そんなレナードの顔が面白くて嬉しくて、フレデリックはへにゃりと眉を下げた。きっと父にそっくりのとても情けない顔になっているはずだ。
「今は、こんな僕だけど……僕はいつか、レナードが命を預けるのに相応しい王になる。今は全然だが、いつかレナードが仕えて良かったと思えるような主君になる。努力する。でも、僕はとても愚かなんだ。ひとりじゃ駄目なんだ。僕ひとりじゃ、きっと無理なんだ。だからレナード……共に、歩んでくれるか?こんな、僕だけど……」
上手い言葉が見つからず尻すぼみになってしまった。もっと格好良く、叔父のように凛々しく言葉を紡ぎたいのにフレデリックはさっぱりだ。あまりに情けなくてフレデリックの眉が更に下がった。

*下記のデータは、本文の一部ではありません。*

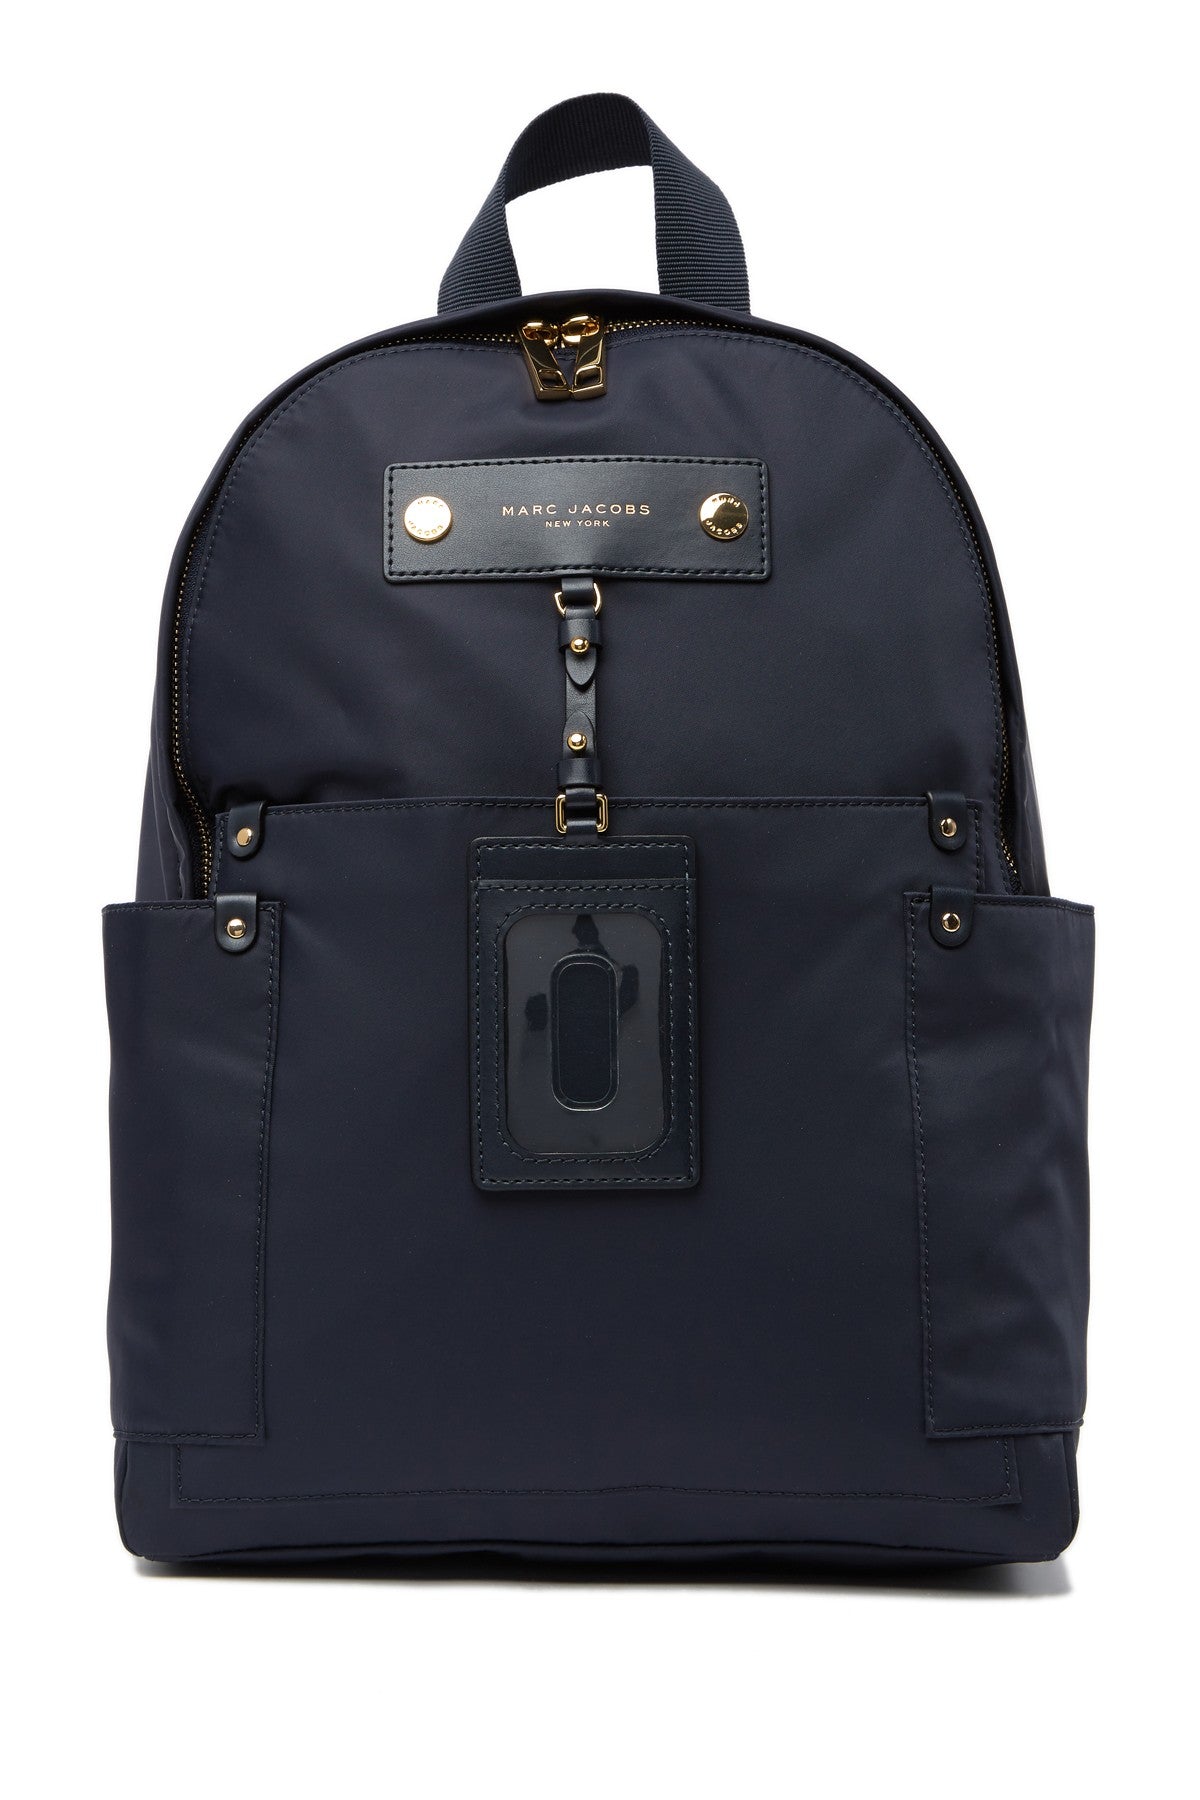 The Marc Jacobs Backpack: Stylish and Affordable —
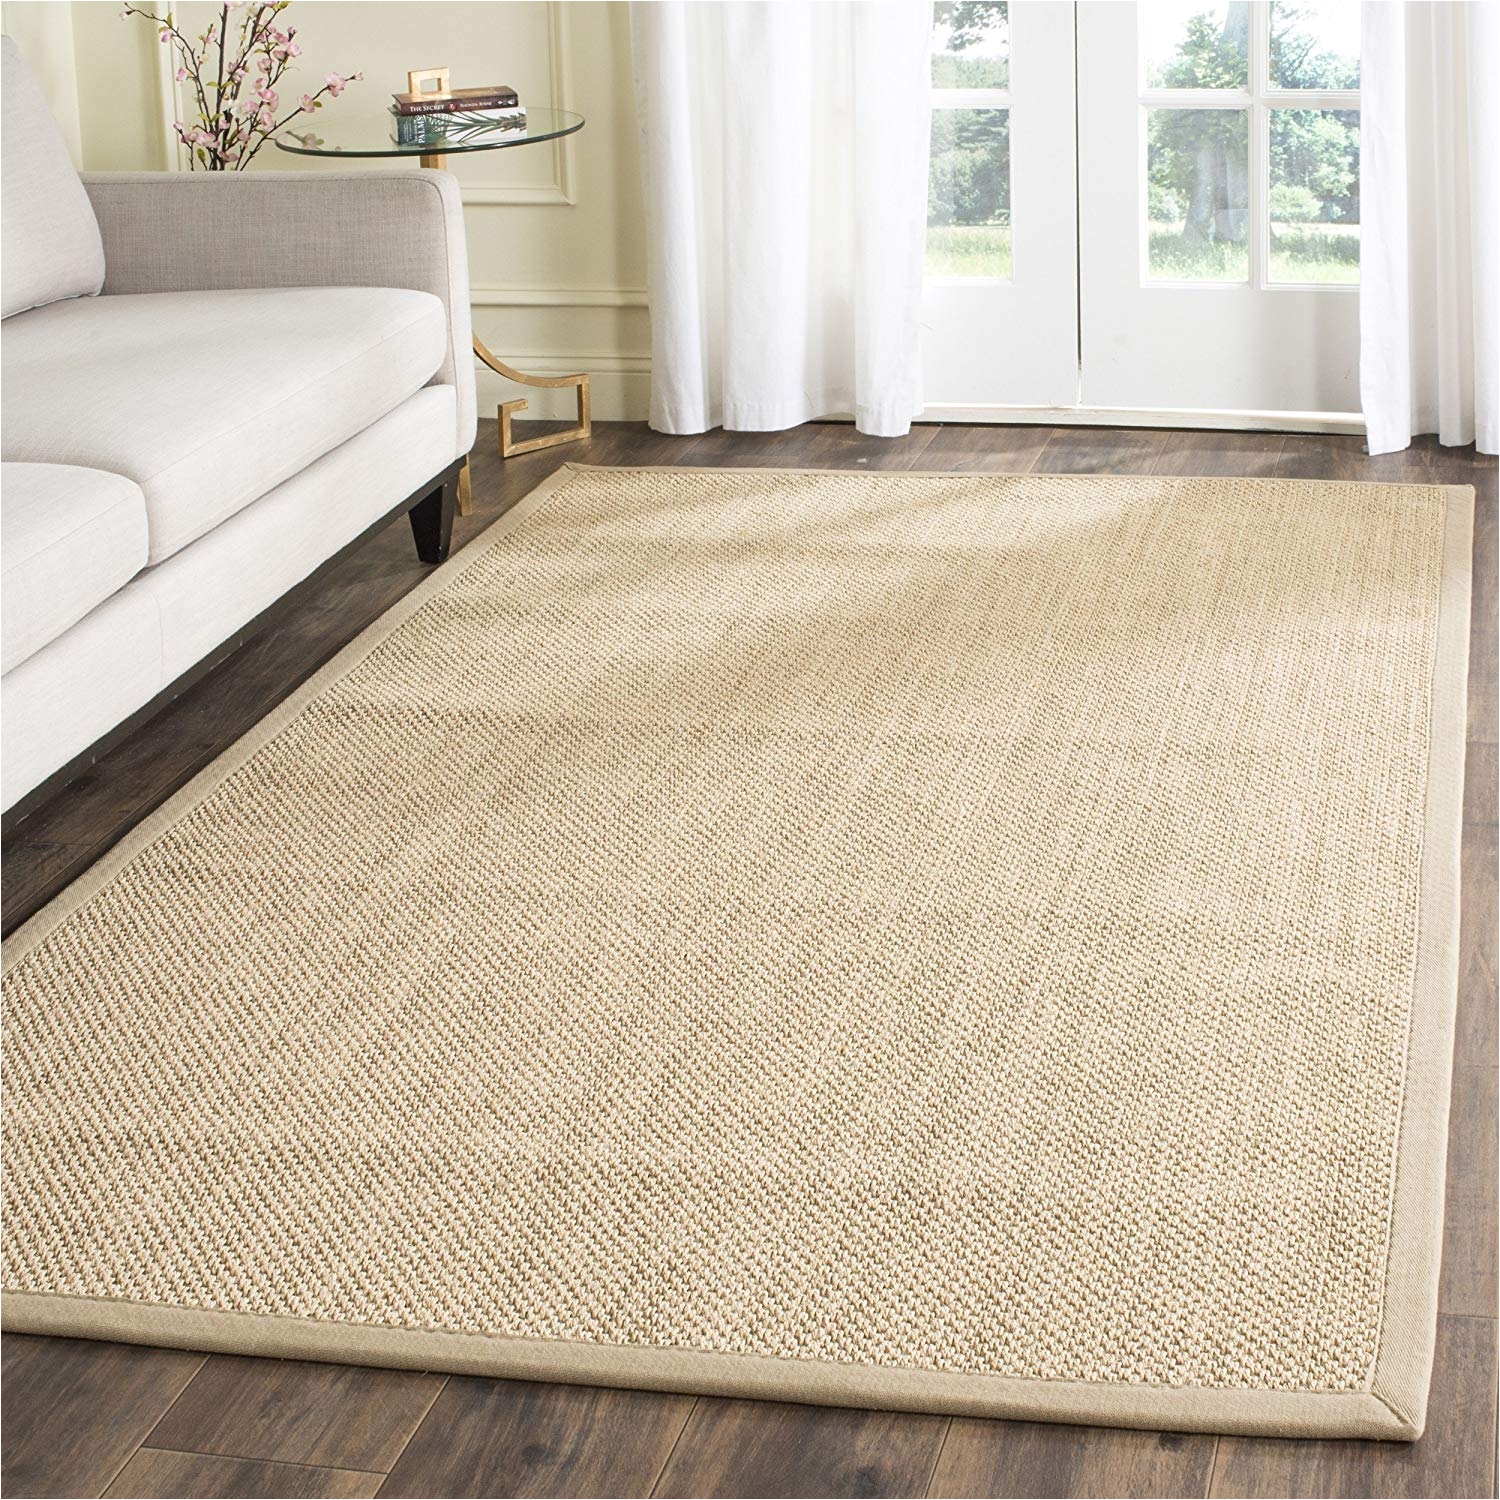 amazon com safavieh natural fiber collection nf141b tiger paw weave maize and linen sisal area rug 2 x 3 kitchen dining

何をどう言ったら良いのか分からなくて、でも目を逸らすのも嫌でフレデリックが眉を下げたままじっとレナードを見つめていると、ぽっかりと開いていたレナードの口が閉まり、くっと、口角が上がった。
「俺で良いんですか?殿下」
「レナードが良いんだ、僕は。レナードも僕で良いのか?」
「俺も殿下が良いです」
「じゃあ、決まりだな」
「はい、決まりです」
フレデリックがにかっとはしたなく笑うと、レナードも目元を赤く染め更にぐっと口角を上げた。